В строю, наверно, как-то отреагировали на это становившееся уже привычным выступление, может, заговорил кто-то, и командир продолжил с еще большим азартом:
- А команда "вольно" была? Я спрашиваю: команда "вольно" была? Не было команды "вольно". Так какого же хрена вы ерепенитесь?.. Смир-р-рно! - закончил он совсем уж громовым криком, от которого, казалось, качнулись мокрые верхушки сосен. Макаревич, похоже, тоже вздрогнул, а сосед тихо проговорил с невозмутимой улыбкой:
- Ох, как грозно, как страшно!..
В его тоне слышалась явная насмешка, и Макаревич с тревогой подумал- хоть бы на полянке не расслышали. Но нет, все-таки далековато. Тем более что командир с упоением продолжал разнос:
- Я наведу порядок! Я заставлю выполнять приказы командования! Я заставлю уважать дисциплину!..
- Какой як!

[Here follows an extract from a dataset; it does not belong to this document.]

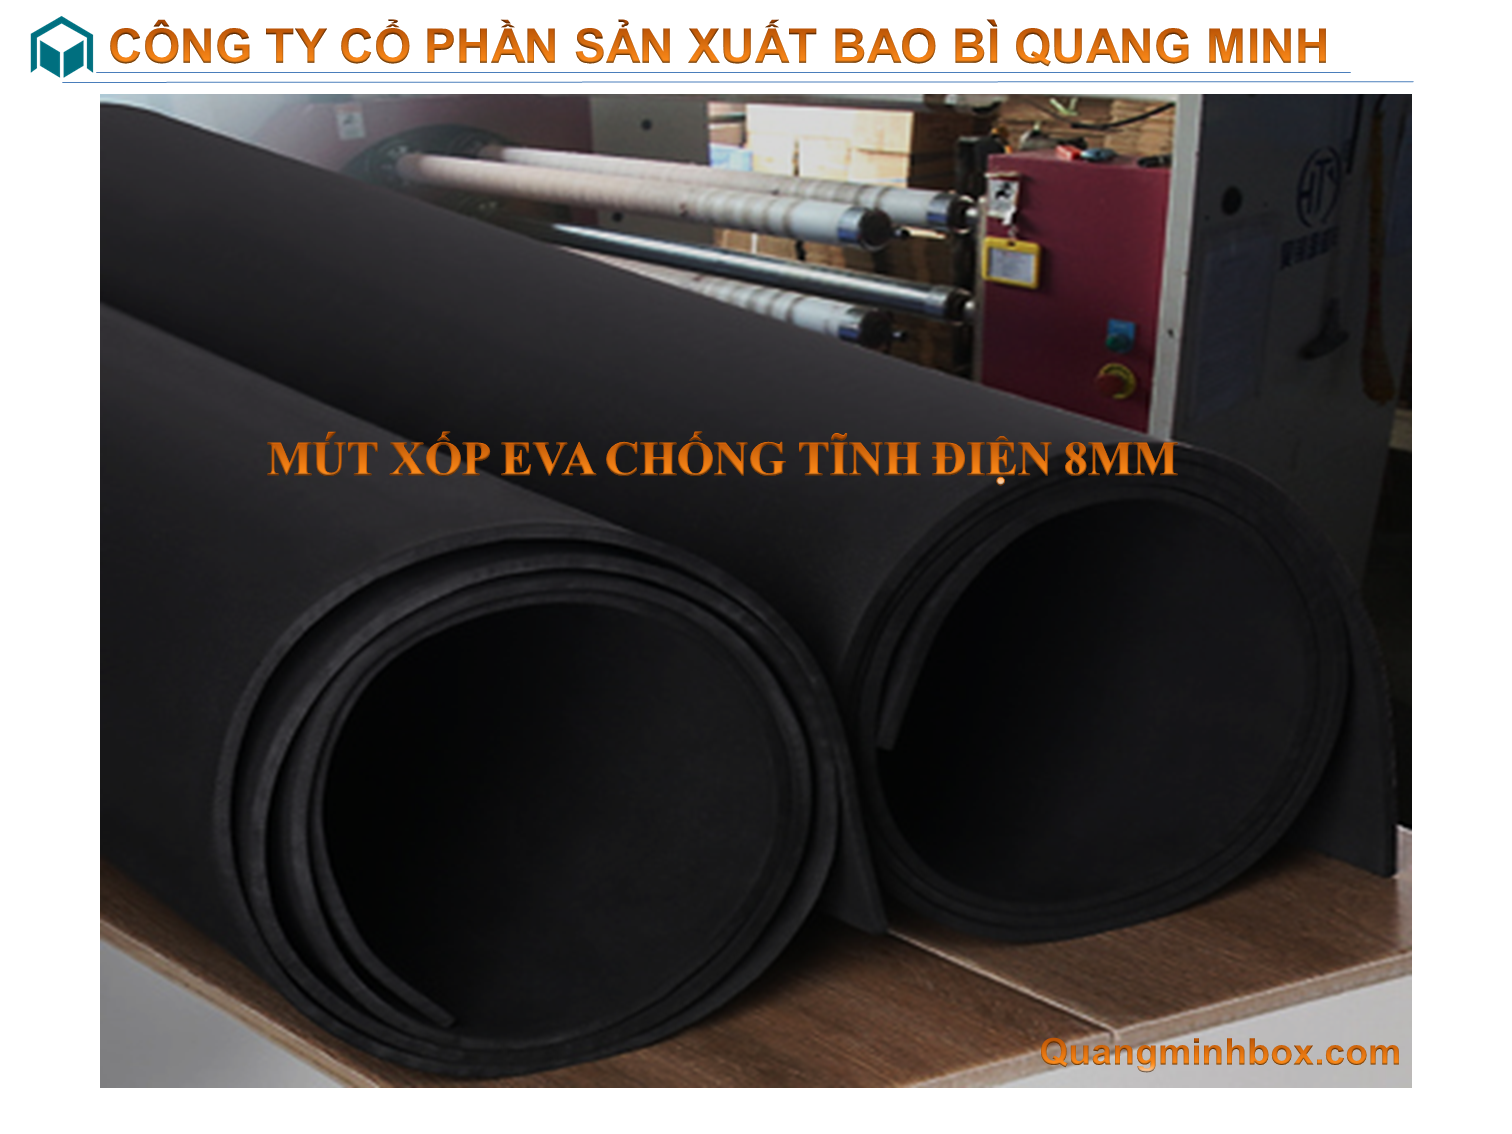 mut-xop-eva-chong-tinh-dien-8mm

Хоть поклажу клади, - тихо бормотал сосед.
- Бдительность, бдительность и еще бдительность! - раздавалось на осенней поляне. - Понятно, аллюр три креста?
Похоже, наконец он угомонился; кавалерийская команда, произнесенная, видно, для собственного успокоения, была первым того признаком.

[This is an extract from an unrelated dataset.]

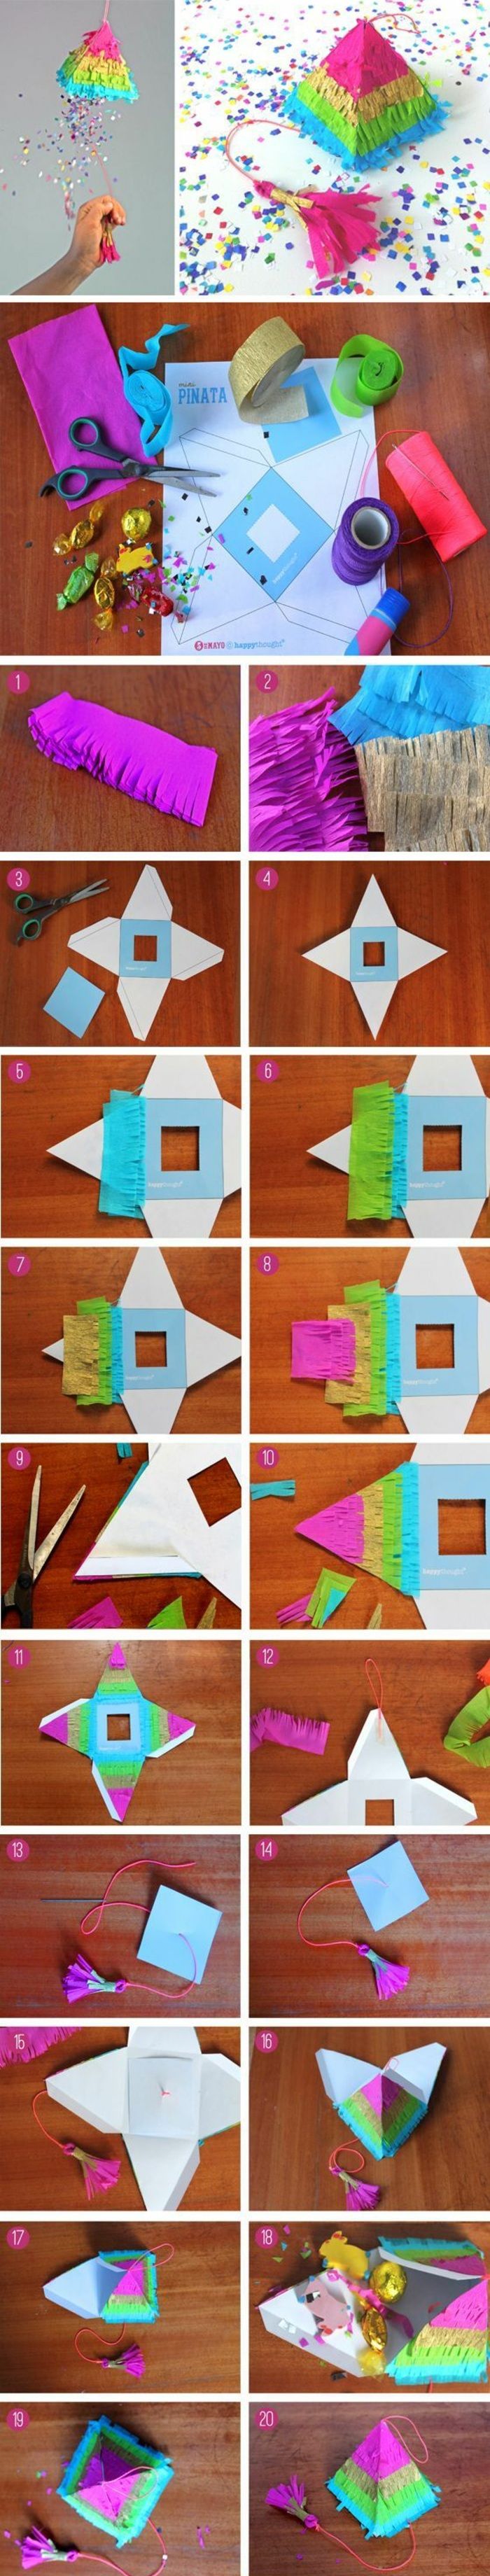 Zrobić małą piramidę z tektury, kolorowy papier, nożyczki

Начальник штаба подал команду "вольно", и вся командирская группа направилась к стоявшим невдалеке оседланным лошадям. Отряд в здешних лесах размещался рассредоточенно, и командир с охраной разъезжал между подразделениями, появляясь в них в самое неожиданное время.
Оставшись без командира, партизаны не спешили расходиться, командиры поменьше принялись распределять людей по нарядам, некоторые курили или просто ждали. Обычно после построения люди оживлялись, слышались смех и шутки; но сегодня было не до шуток, после несправедливой взбучки мало кого тянуло на юмор. Сосед Макаревича отошел к группе знакомых, о чем-то скупо переговаривался там. Появился Махно, неопределенного возраста человек, перетянутый ремнями, с немецким автоматом на плече.
- К командиру! - кивнул он соседу, и тот, недоуменно пожав плечами, покорно пошел к дожидавшемуся возле лошадей командиру.
Макаревич проследил взглядом за ним, вперевалку шагавшим по мокрой хвое в измятой красноармейской шинели, которая была ему до колена. Подойдя, тот, как и полагалось, взмахнул рукой к облегавшей голову пилотке, и между ним и командиром произошел не слышный издали разговор. Впрочем, разговор казался спокойным, без крика, и это успокоило Макаревича, ожидавшего чего-то скверного.
В это время его окликнул взводный старшина Дмитренко, объявивший, что Макаревич назначается в дозор со стороны деревни Вязовичи.
- А где это? - спросил Макаревич, но и комвзвода не знал, прежде дозоры туда не назначались.
- Кто знает? - спросил Дмитренко, но никто ему не ответил, похоже, никто не знал.
А если и знал, кому была охота тащиться невесть куда, может, черту в зубы. Но тут подошел сосед по строю с явной озабоченностью на худом мальчишеском лице.
- Вон Довжик знает, - подсказал кто-то, и старшина обернулся к нему:
- Где Вязовичи, знаешь?
- Знаю, - уверенно ответил Довжик.
- Пойдете в дозор. Командир приказал. Где мостик, знаешь?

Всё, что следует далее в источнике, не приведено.